Note. Accuracy (percent of pecks on key; left) and obtained FRs (pecks per reinforcer; right) across components of each type in each of the 10 stable sessions (dots) and aggregated across sessions (bars). Dashed horizontal lines represent the programmed FR for each pigeon.

3.2. Obtained FRs

The right column of Figure 2 shows the obtained FRs in No Border and Border components in each session (dots) and across sessions (bars), as well as the programmed FR (indicated by the dashed line) for each pigeon. Obtained FRs were calculated as the total number of pecks per reinforcer (On- and Off-key pecks) recorded in components of each type. The combination of On- and Off-key pecks for this measure provides functionally obtained FRs – that is, the actual number of pecks that contacted the touchscreen monitor before the programmed FR requirement was met. The Border component produced obtained FRs that were slightly higher than the programmed FRs for Pigeons 88 and 363 (32 and 67, respectively), and were nearly identical for Pigeons 1108 and 4089 (201 and 151, respectively).

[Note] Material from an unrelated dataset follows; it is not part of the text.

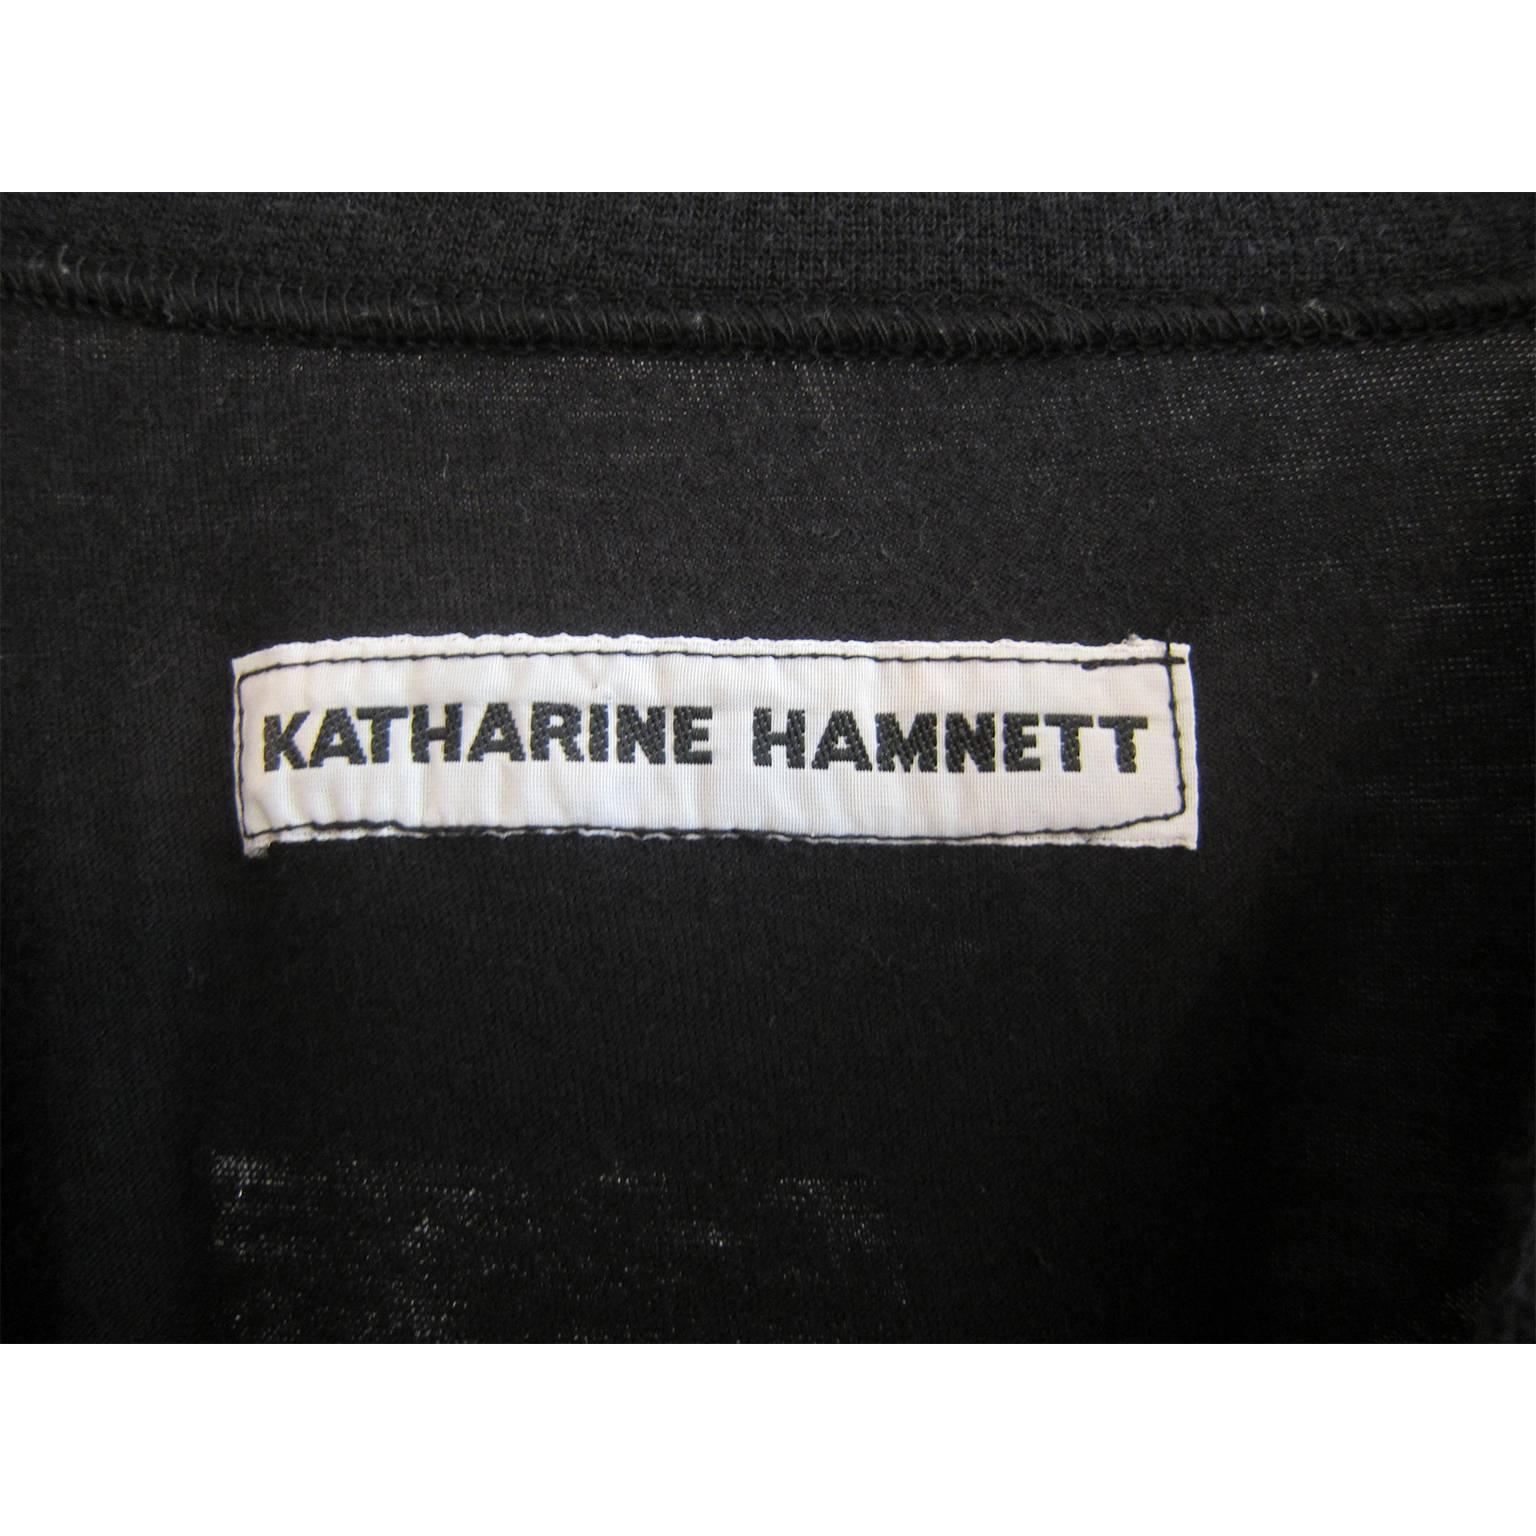 Black Katharine Hamnett Ban Pollution Slogan Tshirt

The No Border component produced obtained FRs that were higher than the programmed FRs for all pigeons. The rightmost columns of Table 1 show comparisons between the programmed FRs and obtained FRs in No Border components for each pigeon, expressed as the additional percentage of the programmed FRs added by inaccurate pecks in No Border components. For Pigeons 88 and 363, obtained FRs were much higher than programmed FRs – at least double the FR requirement (50 and 117, corresponding to an additional 101% and 133%, respectively). For Pigeons 1108 and 4089, the obtained FRs were slightly higher than the programmed FRs (223 and 197, corresponding to an additional 12% and 31%, respectively).

Together, the columns of Figure 2 show that pigeons were more accurate in the Border component than the No Border component and that this produced differences in obtained FRs that were relatively large for Pigeons 88 and 363. Accuracy and obtained FRs were similar when arranged by transition type rather than collapsed across components (Supplementary Material A).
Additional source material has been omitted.